Shinya Inoué’s new methods of visualizing healthy living cells has contributed to a dynamic picture of the cell. In recognition of his research, he has been awarded prestigious prizes such as the E. B. Wilson Medal from the American Society of Cell Biologists, the Ernst Abbe Memorial Award from the New York Microscopical Society, and the International Prize for Biology from the Japan Society for the Promotion of Science. His work on the mitotic spindle demonstrated that the spindle itself is in dynamic equilibrium.
Inoué proposed that the spindles were polymers, and that when they depolymerize, as they did when he applied colchicine to the cell, they move the chromosomes to which they are attached. Biologists now know that the spindle fibers are microtubules, polymers made from two versions of the molecule tubulin, known as alpha-tubulin and beta-tubulin. One alpha-tubulin molecule and one beta-tubulin molecule bind to form what is known as a ‘tubulin heterodimer’. Tubulin heterodimers line up to form what are called ‘protofilaments’, which assemble lengthways, side-by-side with each other. This collection of associated protofilaments is a microtubule. The ends of the microtubule are typically depicted like the frayed ends of a rope. This is because at those ends, tubulin heterodimers are constantly in the process of being added (polymerization) and removed (depolymerisation).
There is not a static state, but the microtubule is constantly subjected to depolymerisation and repolymerization. It is in a state of dynamic equilibrium, or dynamic instability. Even if the microtubule appears not be changing, for example staying the same length, this is only because the processes of depolymerisation and polymerization cancel each other out. Depending on the conditions, such as the presence or absence of chemicals like colchicine, one process may proceed more quickly than the other.

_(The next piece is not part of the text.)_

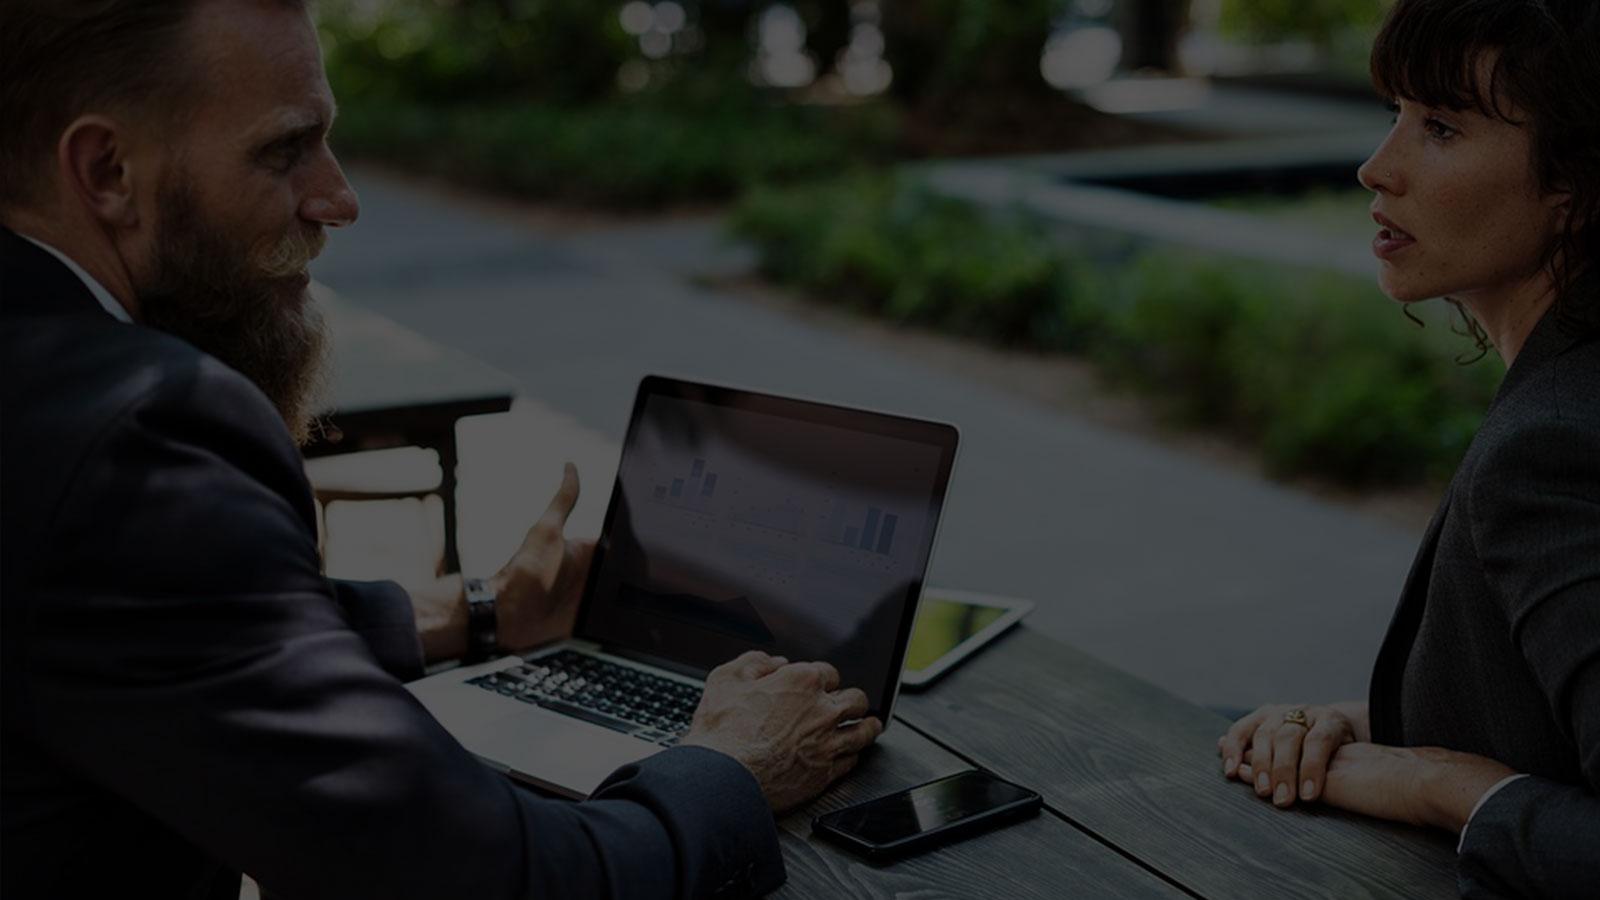 como aumentar a produtividade no trabalho com smartphones

In an era when versions of electron microscopy has captured the imagination of the public and the attention of scientists, Shinya dedicated his long research career to finding new ways to improve the capabilities of optical or light microscopy. He did this because only optical microscopy is able to view the dynamic processes in living cells that occur in real time. The observer has to interpret what he or she sees, but they do not have to work out how the static images of fixed samples that they see relate to the processes they think might be happening. Shinya continuously found ways to improve his ‘Shinya-scopes’, and incorporate new technologies to increase their power, to allow scientists to visualize the inner cell.
From his initial polarizing optical microscopes, through his development of super-resolution video microscopy, to joining approaches to enhance the ability to detect the expression of GFP, Shinya Inoué has been at the forefront of the endeavour to understand the strange and seemingly counter-intuitive world of the living cell. He has worked with many dramatically different organisms, across the Tree of Life. He bases this approach on the belief that “unusual organisms tend to provide extraordinary gifts of Nature.” Even into his 90s, Shinya retains his enthusiasm for the opportunities that polarizing optical microscopes offer researchers, and continues to help colleagues develop the technology and techniques still further.